Towards that, later studies like SVD++, FISM, NAIS, and ACF view personal history of a user as her features, and integrate embeddings of historical items via the average or attention network as user embeddings. Another similar line applies autoencoders on interaction histories to estimate the generative process of user behaviors, such as Mult-VAE, AutoRec, CDAE and RecVAE.
In this case, we don't need user ID, and we only need to recommend items based on historical interaction. However, RecBole doesn't have an existing interface to provide item list recommendation for new users, so you need to write your own code according to your needs.
For example, in the AE-based models, you need to modify rating_matrix
during prediction, we should use the item list directly instead of self.history_item_id[user]

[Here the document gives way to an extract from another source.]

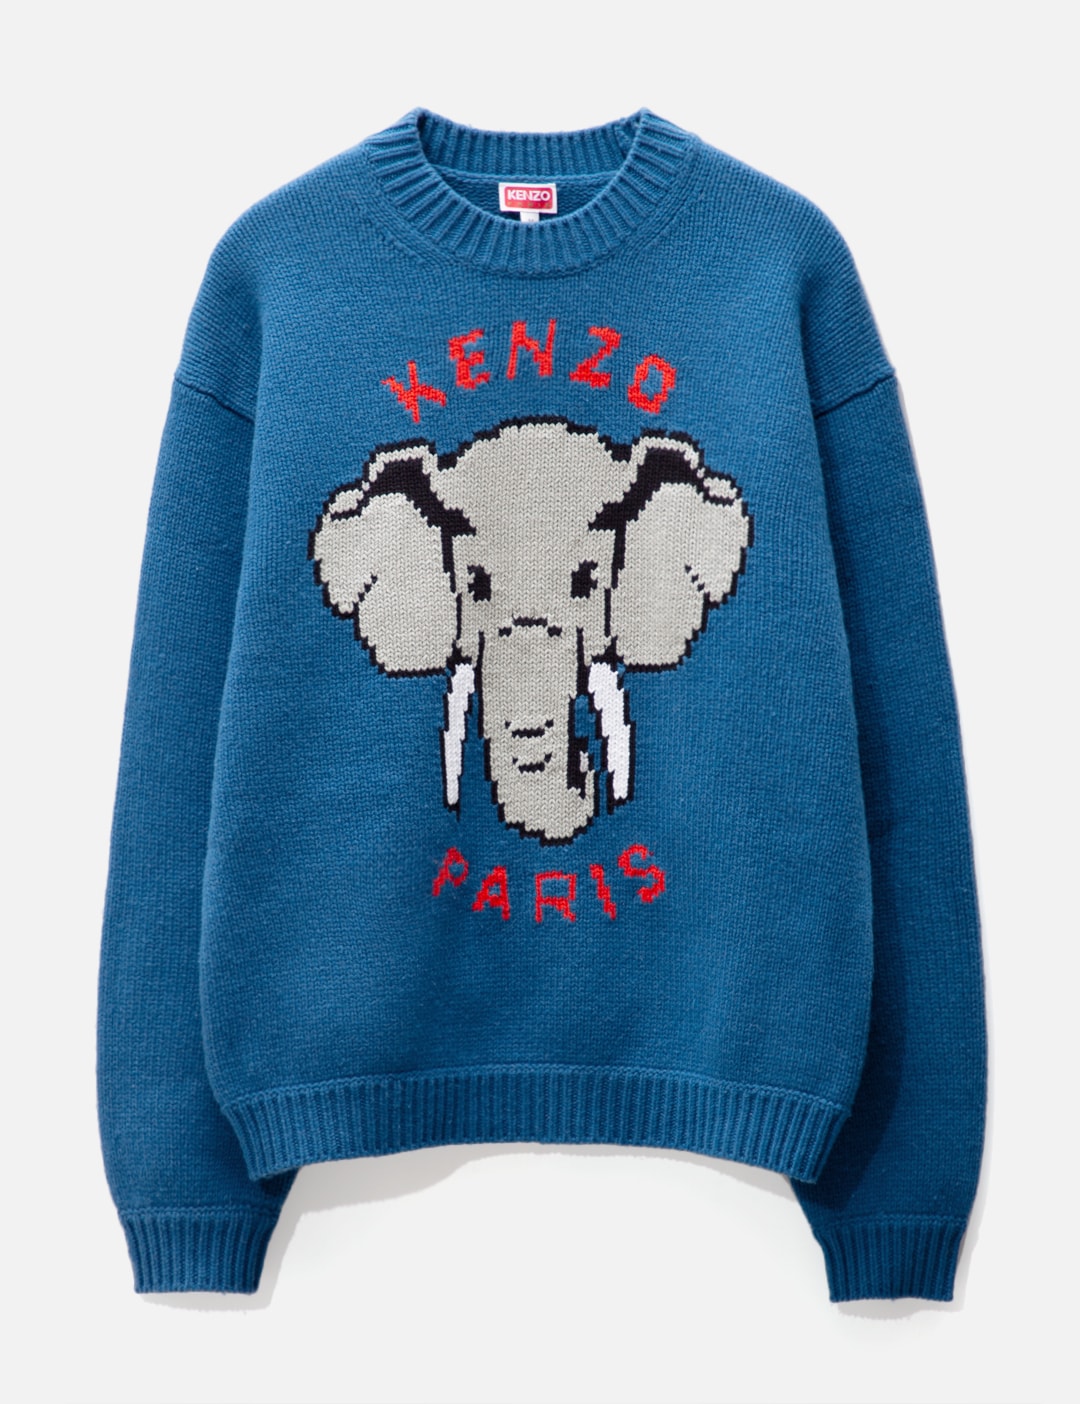 Diversen Moet bereiken Kenzo - 'Kenzo Elephant' Wool Sweater | HBX - Globally Curated Fashion and  Lifestyle by Hypebeast

to get a batch of user's feature with the item_id_list
.
thank you for this example!! now i get it😁
I'm looking not for a cold start problem solution, but more about recommendations for new users with provided interaction records. so if i'm using RecVAE model, is there any already-built possibility to update dataset with such new records and continue training model and making predictions on such updated dataset?
@AsyaEvloeva Sorry, we don't have such an interface at present.
I'm trying to understand how to get all users from my test dataset with the corresponding predicted items per each user? I use RecVAE model and when I get top items like that:
it returns just items which doesn't correspond to number of users I have in
test_data.dataset.user_num
So I'm a little lost, how would I see user per each of thesetopk_items
predictions? And how to access initial items for each user from test data?